Liparetrus ferrugineus

Scientific classification
- Kingdom: Animalia
- Phylum: Arthropoda
- Clade: Pancrustacea
- Class: Insecta
- Order: Coleoptera
- Suborder: Polyphaga
- Infraorder: Scarabaeiformia
- Family: Scarabaeidae
- Genus: Liparetrus
- Species: L. ferrugineus
- Binomial name: Liparetrus ferrugineus Blanchard, 1850

= Liparetrus ferrugineus =

- Genus: Liparetrus
- Species: ferrugineus
- Authority: Blanchard, 1850

Species of beetle

Liparetrus ferrugineus is a species of beetle of the family Scarabaeidae.
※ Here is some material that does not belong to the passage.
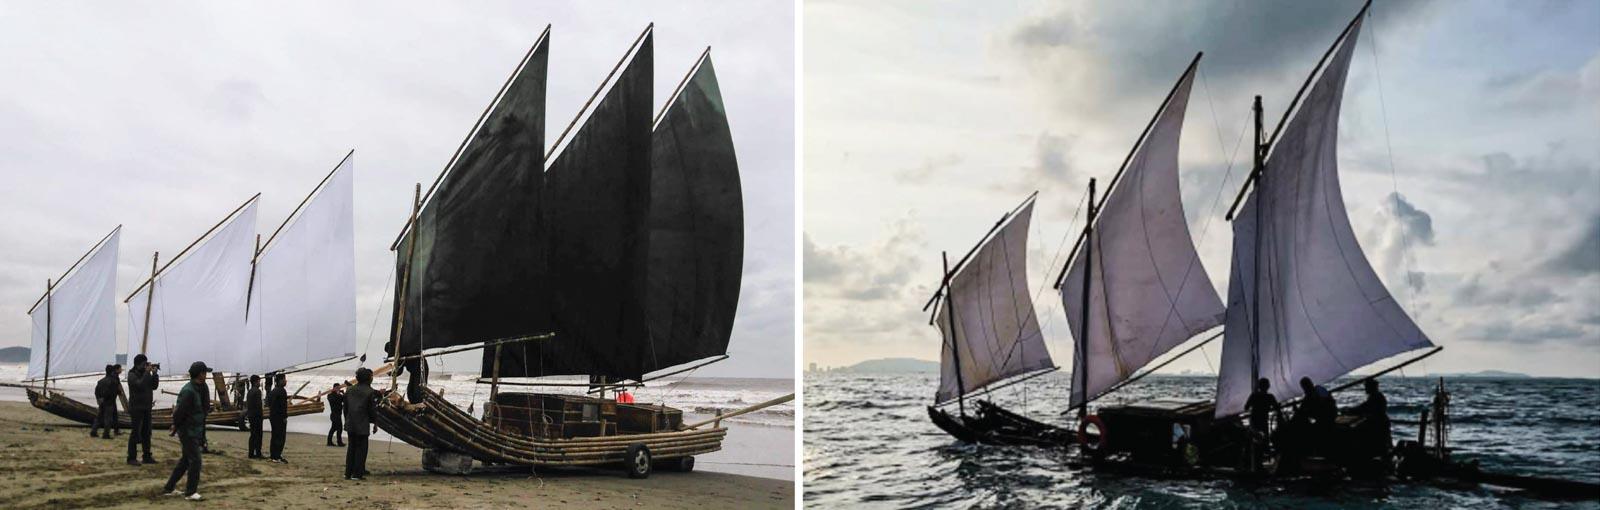 Ông Châu Văn Hùng: Có cộng đồng đủ mạnh, môn thuyền buồm sẽ đóng góp lớn cho du lịch biển 2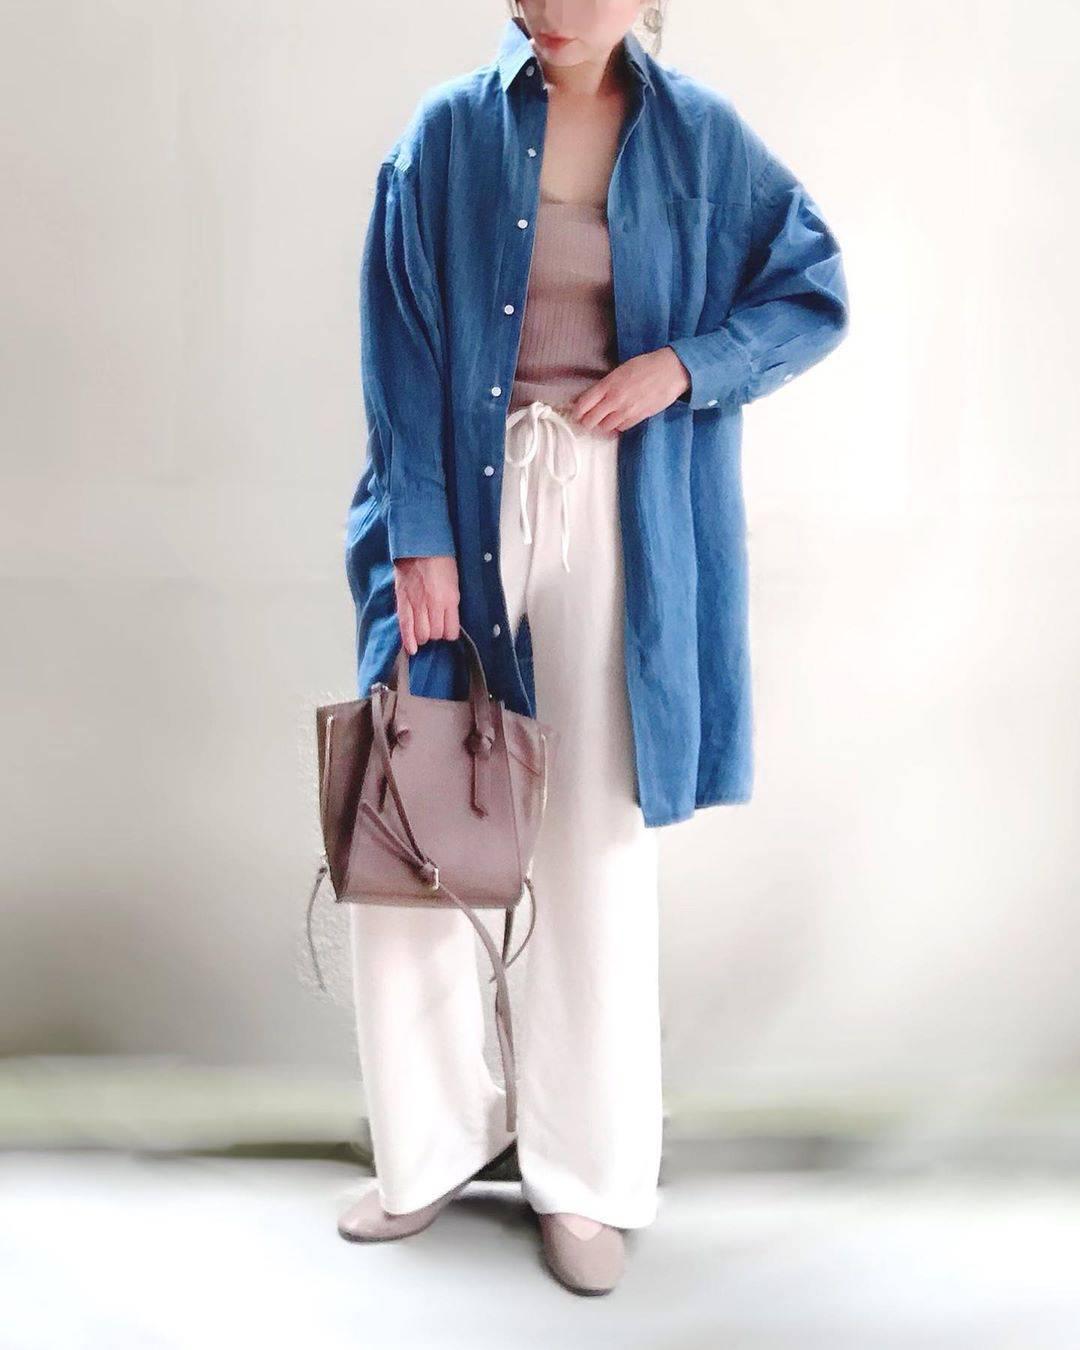 最高気温18度・最低気温6度 unange103の服装

It is found in Australia (Victoria, New South Wales, Australian Capital Territory, Queensland).

== Taxonomy ==
This species belongs to the ferrugineus species group.

== Description ==
Adults reach a length of about 5.5–7.5 mm. The head, pronotum and ventral surface are black, while the elytra are bright reddish brown with a black base. The abdomen is bright reddish brown and also black at the base. The antennae are reddish yellow, with the antennal lamellae brown. The front legs are yellowish brown, while the hind legs are black.